- [Data for this exercise]
::::

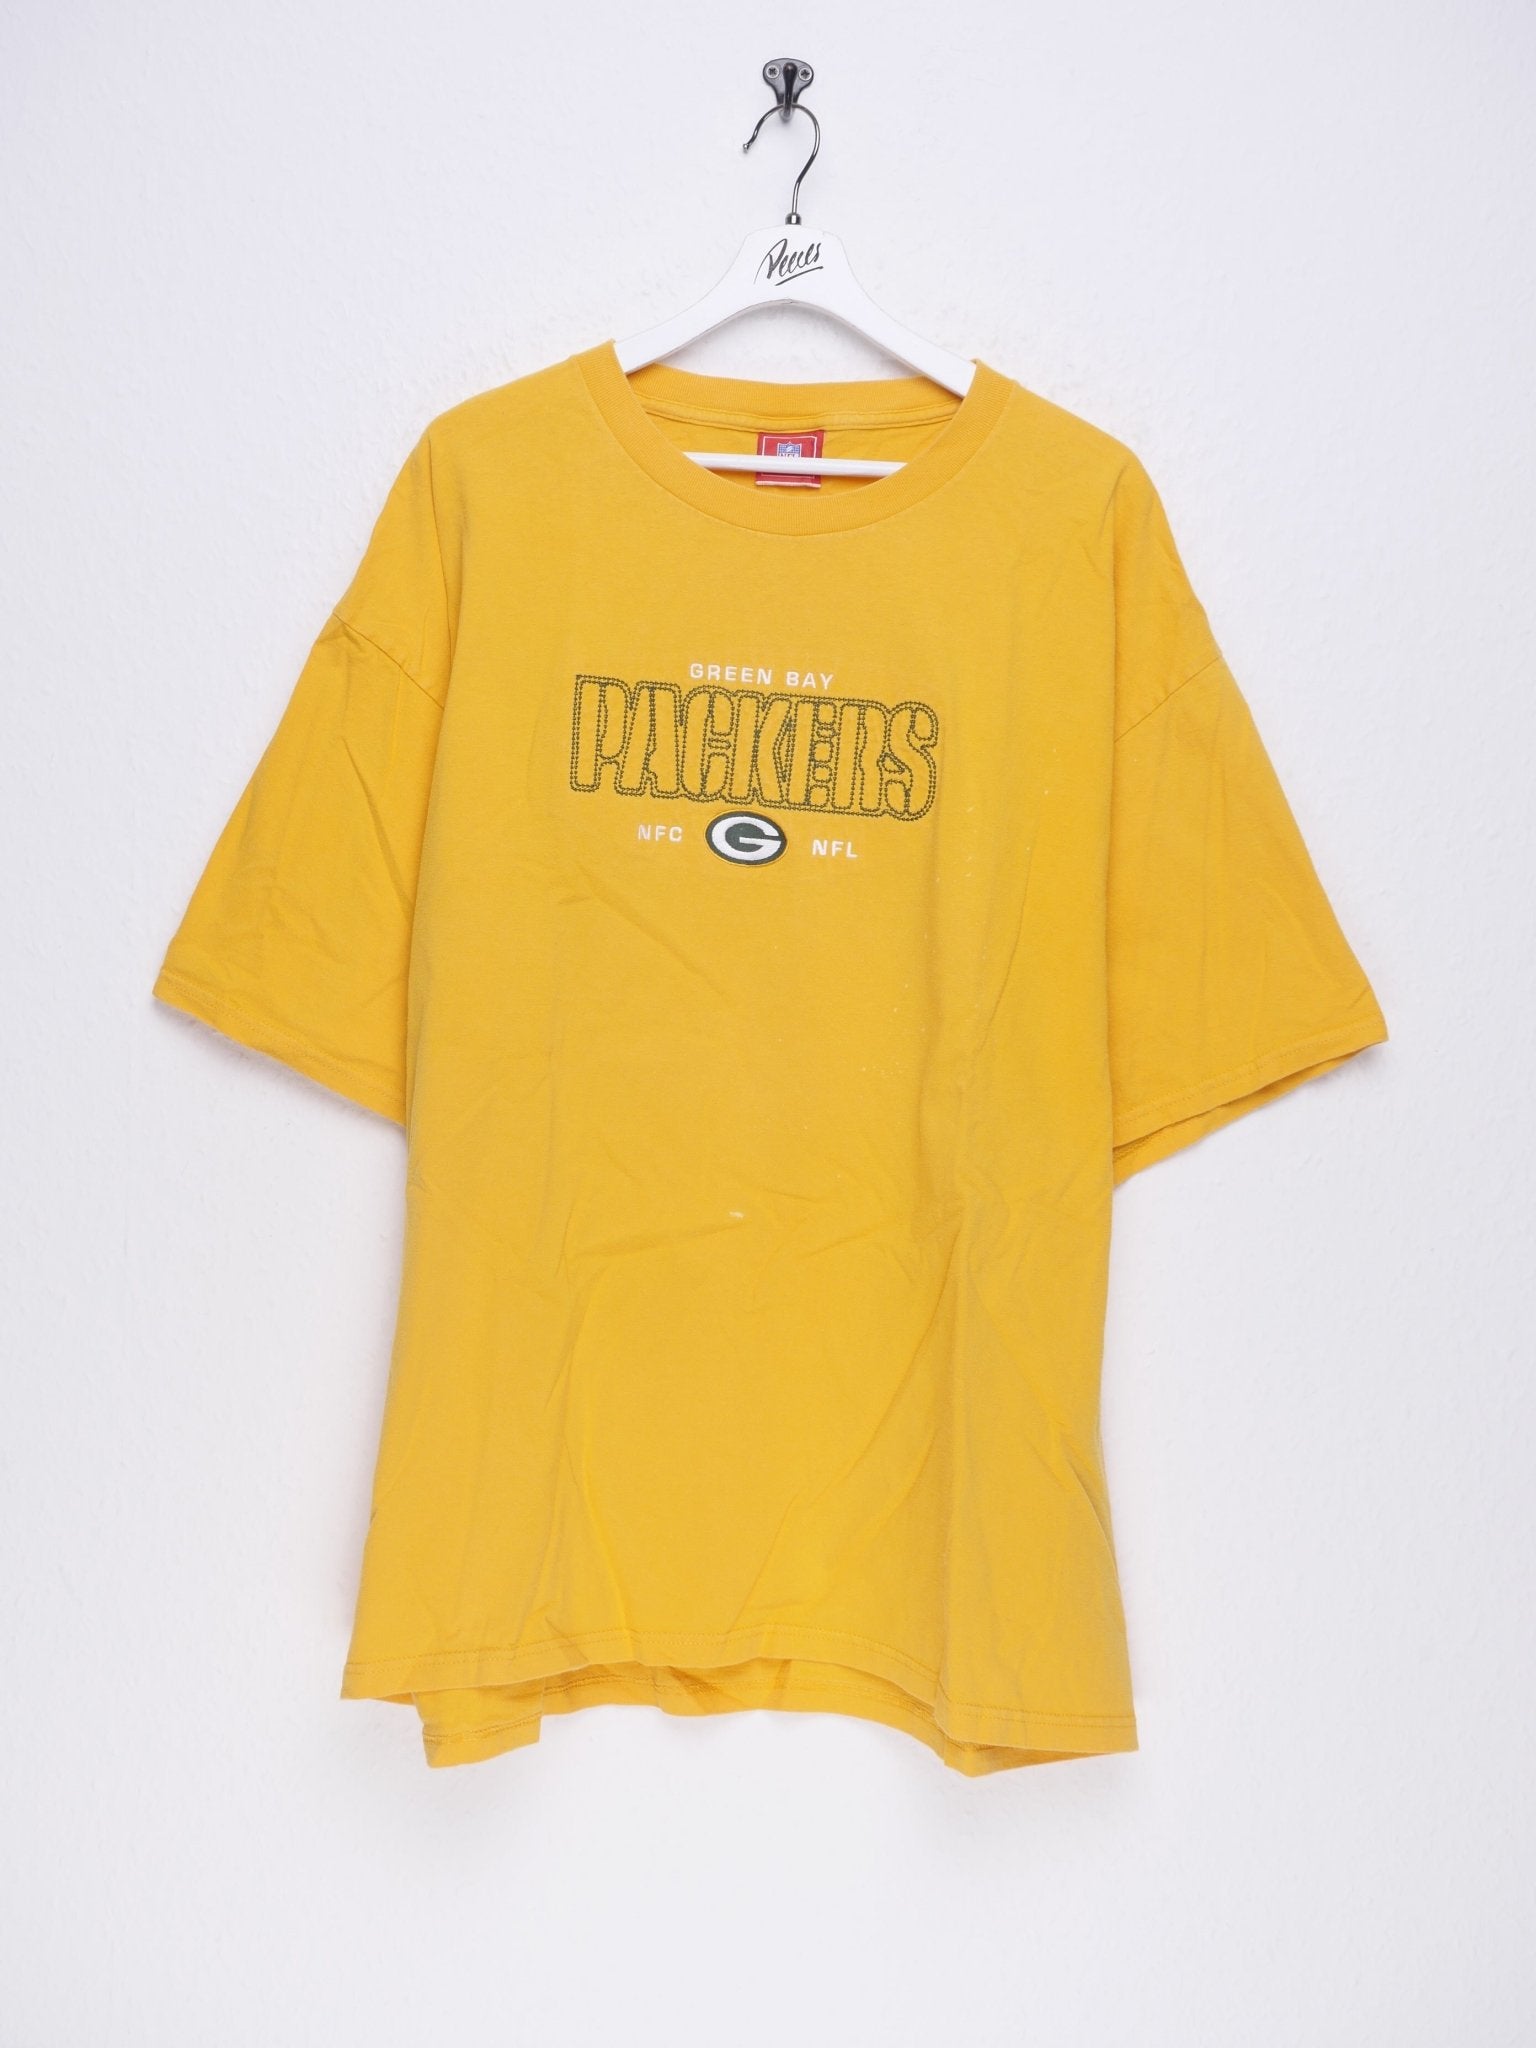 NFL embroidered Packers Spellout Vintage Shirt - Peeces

::::

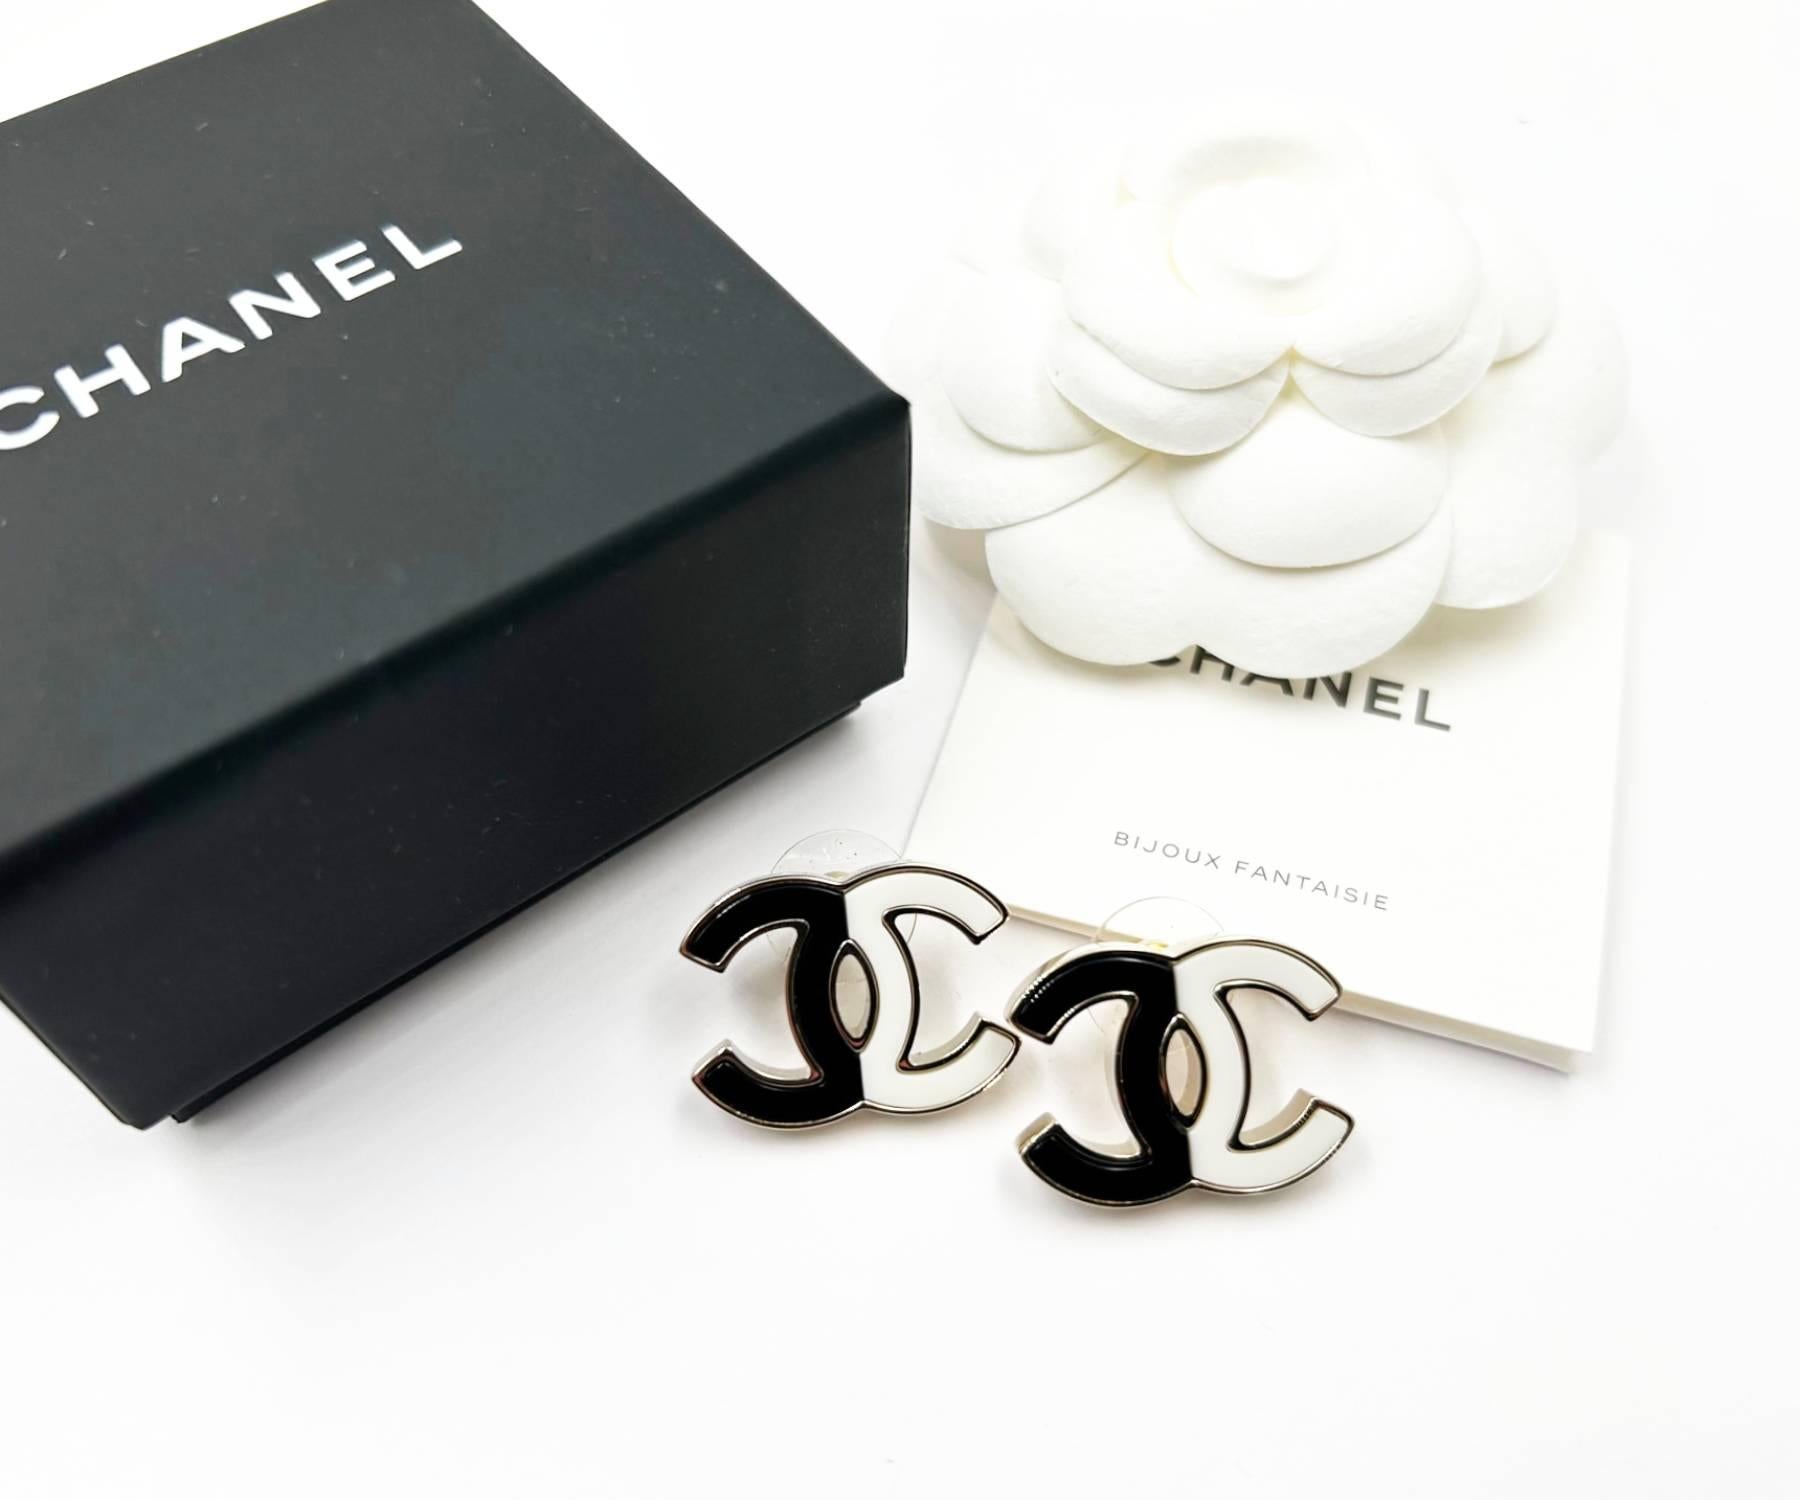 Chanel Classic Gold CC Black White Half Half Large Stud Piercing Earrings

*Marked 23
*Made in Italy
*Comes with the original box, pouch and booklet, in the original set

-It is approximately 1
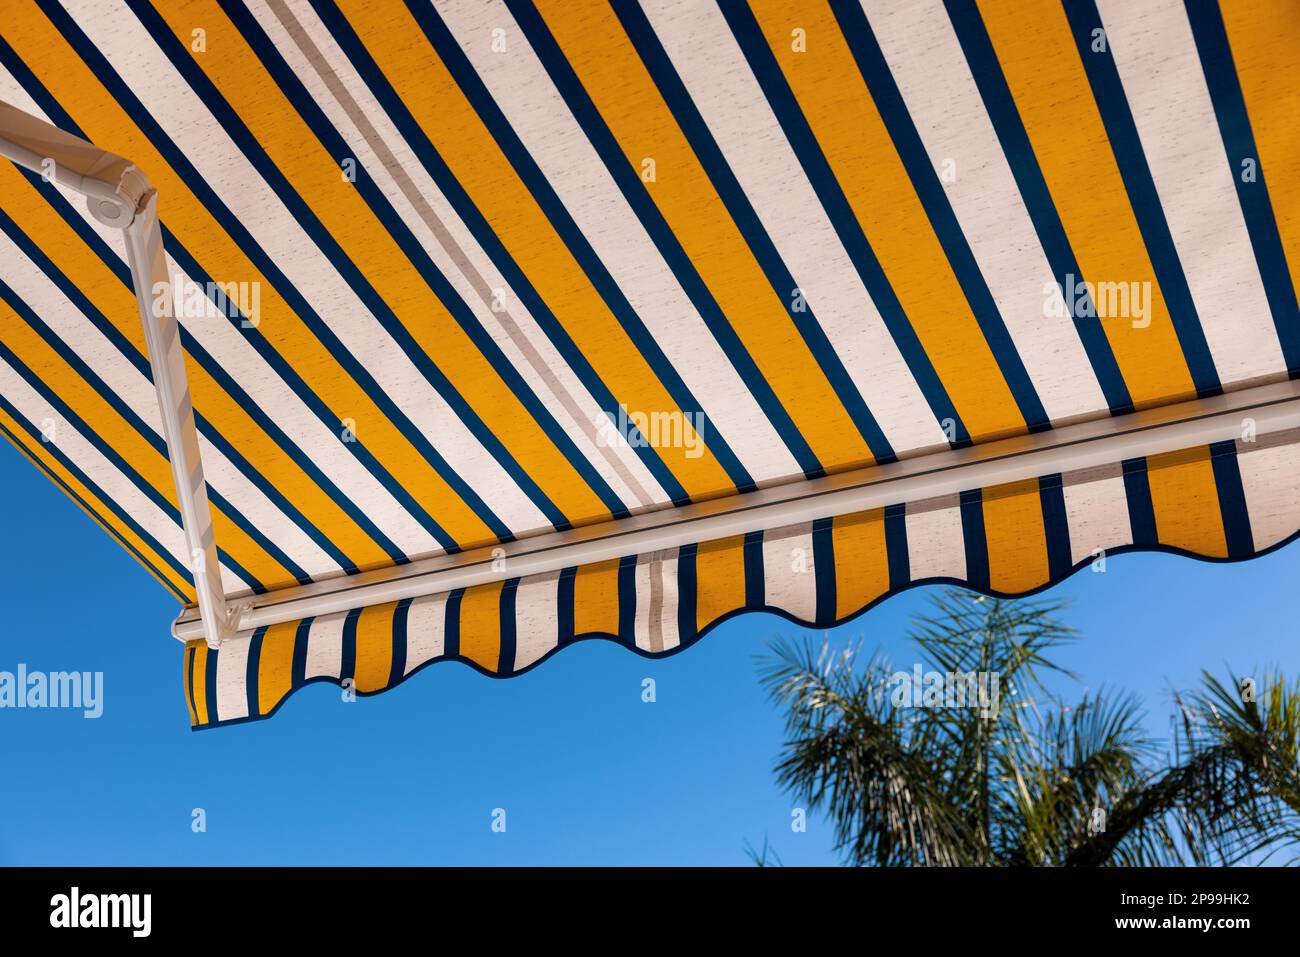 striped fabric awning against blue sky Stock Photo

::::

- [What you will do]
An exact copy of the lines above from the one with "Chanel Classic Gold" up to and including the one with "striped fabric awning" is required; reproduce only those lines, omitting all pictures.

- [Solution]
 Chanel Classic Gold CC Black White Half Half Large Stud Piercing Earrings

*Marked 23
*Made in Italy
*Comes with the original box, pouch and booklet, in the original set

-It is approximately 1
 striped fabric awning against blue sky Stock Photo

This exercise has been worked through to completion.